Rb Den Bosch 240205 OPS? Vraagstelling voor deskundigen
- Meer over dit onderwerp:
Rb Den Bosch 240205 OPS? Vraagstelling voor deskundigen.
3.10. De kantonrechter zal daarom, mede in aanmerking genomen de vragen zoals die zijdens partijen zijn voorgesteld, de volgende vragen aan de deskundigen voorleggen:
1. Welke zijn uw bevindingen, naar aanleiding van anamnese en onderzoek, ten aanzien van de klachten van [eiser]? Welke diagnose stelt u op uw vakgebied?
Wilt u de door u vastgestelde beperkingen van [eiser] zo nauwkeurig mogelijk beschrijven ten behoeve van een eventueel in te schakelen arbeidsdeskundige?
2. Wilt u op grond van uw onderzoeksbevindingen en de overige beschikbare gegevens zo uitgebreid mogelijk gemotiveerd aangeven:
a.
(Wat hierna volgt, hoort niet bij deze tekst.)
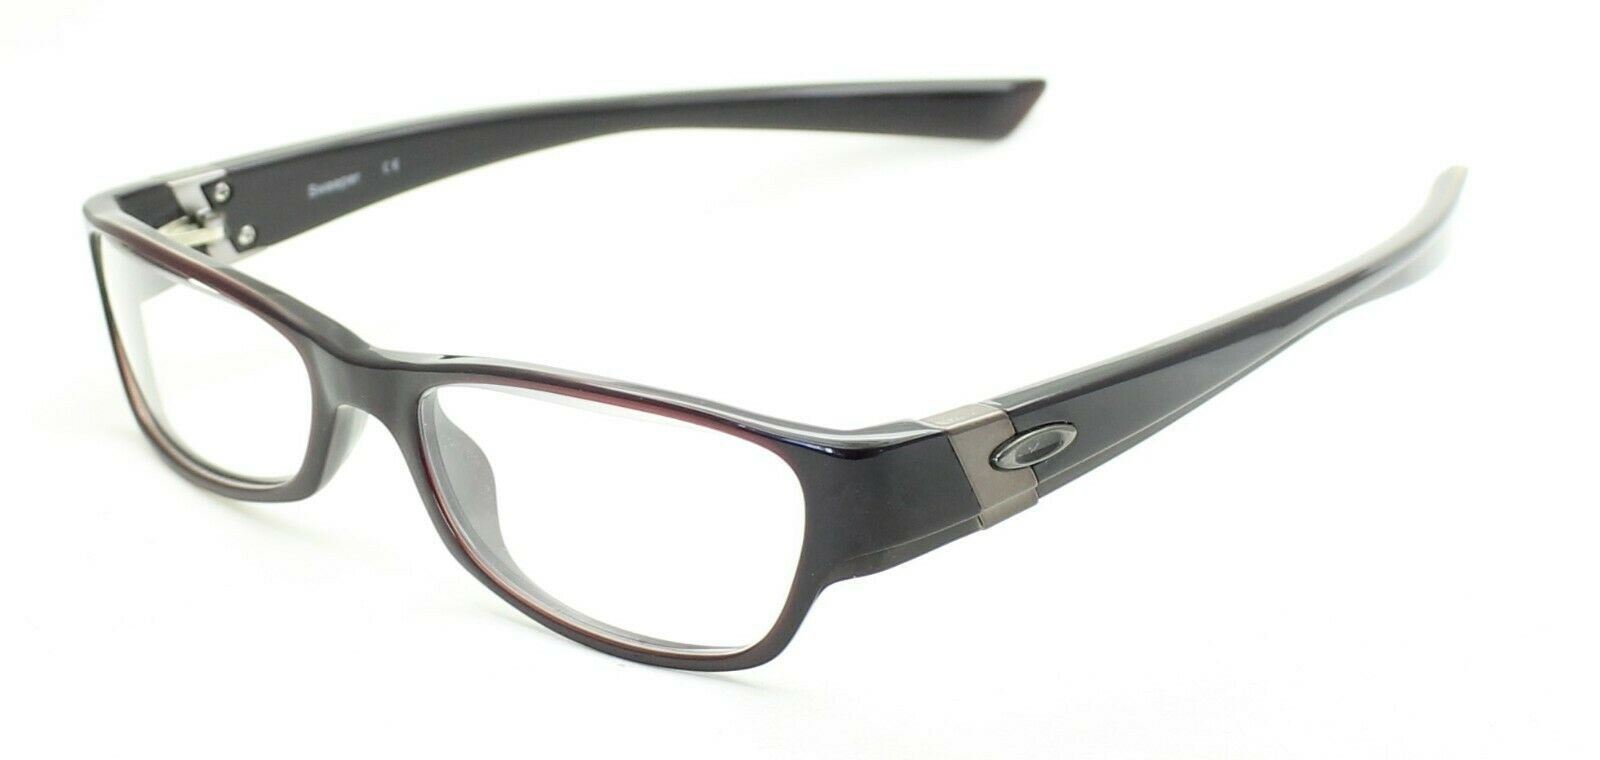 OAKLEY SWEEPER 11-924 52mm Eyewear FRAMES RX Optical Eyeglasses Glasses - New
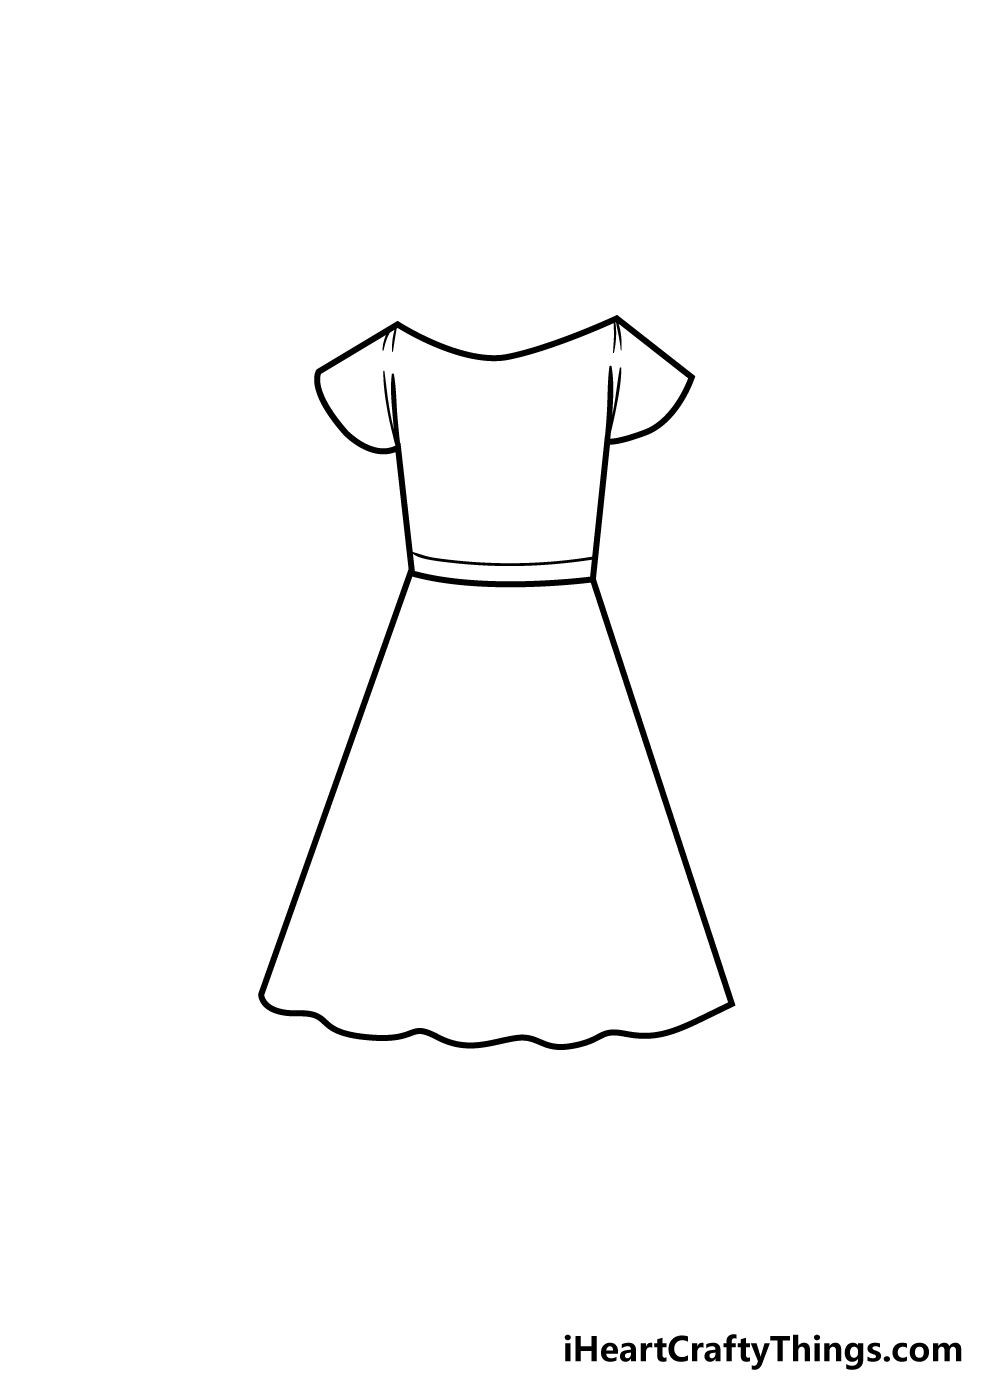 dress drawing step 4

Welke zijn de (rest)klachten of (rest)verschijnselen van [eiser] die op medische gronden in redelijkheid beschouwd kunnen worden als te zijn ontstaan als gevolg van contact met oplosmiddelen althans neurotoxische stoffen? Indien een antwoord niet met zekerheid is te geven, kunt u dan de mate van waarschijnlijkheid aangeven (in de categorieën: "vrijwel zeker", "zeer waarschijnlijk", "waarschijnlijk", "niet waarschijnlijk", "zeer onwaarschijnlijk")?
b. Acht u het aannemelijk dan wel mogelijk dat de klachten van [eiser] het gevolg zijn van de arbeidsomstandigheden tijdens het dienstverband bij [gedaagde], met name het veelvuldig verrichten van verfspuitwerkzaamheden en het veelvuldig werken met oplosmiddelen door [eiser] bij [gedaagde] vanaf 1975, althans eind jaren '70 tot 1997?
c. Welke van de klachten of verschijnselen bestonden naar uw mening reeds voordat [eiser] bij [gedaagde] vanaf 1975 althans eind jaren '70 verfspuitwerkzaamheden ging verrichten en met oplosmiddelen ging werken, of zouden ook zijn ontstaan zonder dat [eiser] bij [gedaagde] verfspuitwerkzaamheden had verricht en met oplosmiddelen had gewerkt? Kunt u een indicatie geven op welke termijn en in welke mate dit dan het geval zou zijn geweest?
3. Wilt u de mate van functiestoornis (op uw vakgebied) van [eiser] als gevolg van een mogelijke beroepsziekte uitdrukken in een percentage ongeacht enig beroep en uitgaande van de toestand van [eiser] voordat de bedoelde problematiek bestond? Wilt u hierbij uitgaan van de richtlijnen van de American Medical Association (AMA) en/of de NOV/NVvN-richtlijnen? Wilt u zo nauwkeurig mogelijk omschrijven hoe het totale percentage is opgebouwd?
4. Is er thans sprake van een relatieve of definitieve eindtoestand met betrekking tot de eventuele beroepsziekte? Zo nee, verwacht u een verbetering dan wel een verslechtering ten opzichte van de huidige toestand en op welke termijn kan dan een eindtoestand wel worden verwacht? In hoeverre zal deze verandering het hiervoor bedoelde percentage functiestoornis dan wel de door u vastgestelde beperkingen nog beïnvloeden?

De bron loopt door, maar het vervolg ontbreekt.